StringGen provides a class that functions as a generator to churn out incremental strings for usage with a bruteforcer. It's very simple nature and strong re-usability makes it ideal for situations when you are designing an application for bruteforcing an algorithm. It also comes with the ability to dump it's state and then reload at a latter time, allowing your application to terminate and then pick back up at the same place the generator was before. There is also the option to use one of the many pre-provided character sets, or design your own for an added flexibility.

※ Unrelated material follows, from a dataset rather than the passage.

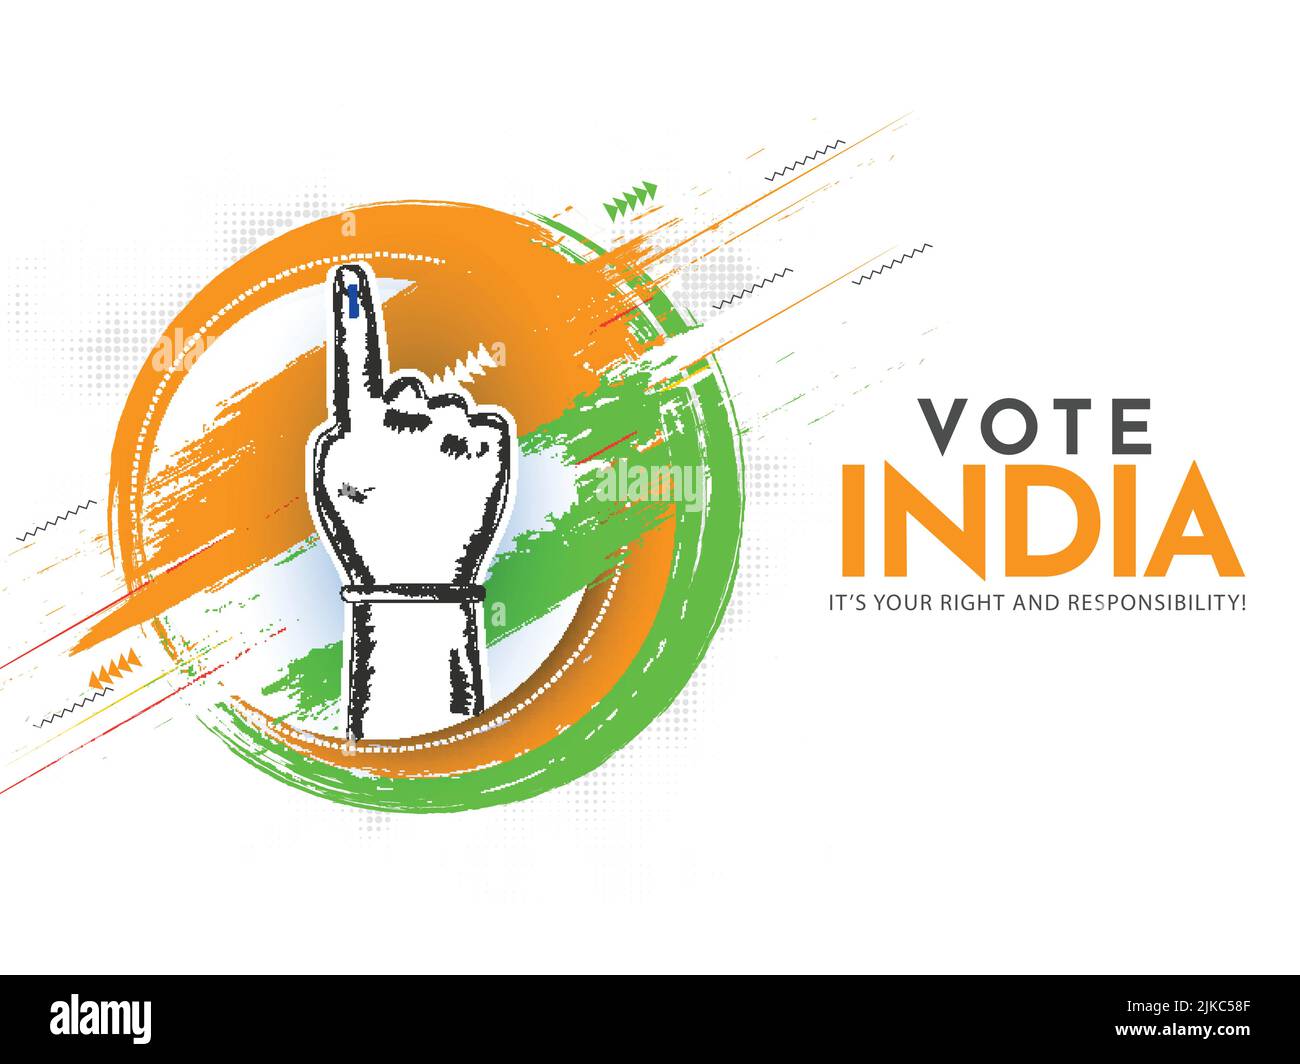 Vote India, It's Your Right And Responsibility Text With Sticker Style Indian Voter Hand, Saffron And Green Brush Circular On White Background. Stock Vector

I found StringGen's easy-to-use style is what makes it a very useful aid for developing bruteforcers. All you do is call next() on the string_gen.generator class and the next incrementation will be returned. Calling it repeated times will increment it further. Here's an example:
>>> import string_gen >>> gen = string_gen.generator() >>> gen.next() 'a' >>> gen.next() 'b' >>> gen.next() 'c' >>> gen.skip(1234567) # Skip ahead a bit >>> gen.next() 'aT$&' >>> gen.next() 'aT$*' >>> gen.next() 'aT$(' >>> gen.next() 'aT$)' >>> gen.make(20) # Return 20 new incrementations ['aT$-', 'aT$=', 'aT$_', 'aT$+', 'aT$[', 'aT$]', 'aT${', 'aT$}', 'aT$', 'aT$|', 'aT$;', 'aT$:', "aT$'", 'aT$"', 'aT$,', 'aT$.', 'aT$<', 'aT$>', 'aT$/', 'aT$?'] >>>
There is also documentation avaliable in the python interpreter's help() function. Just import StringGen and call help() on it from IDLE, or the python console.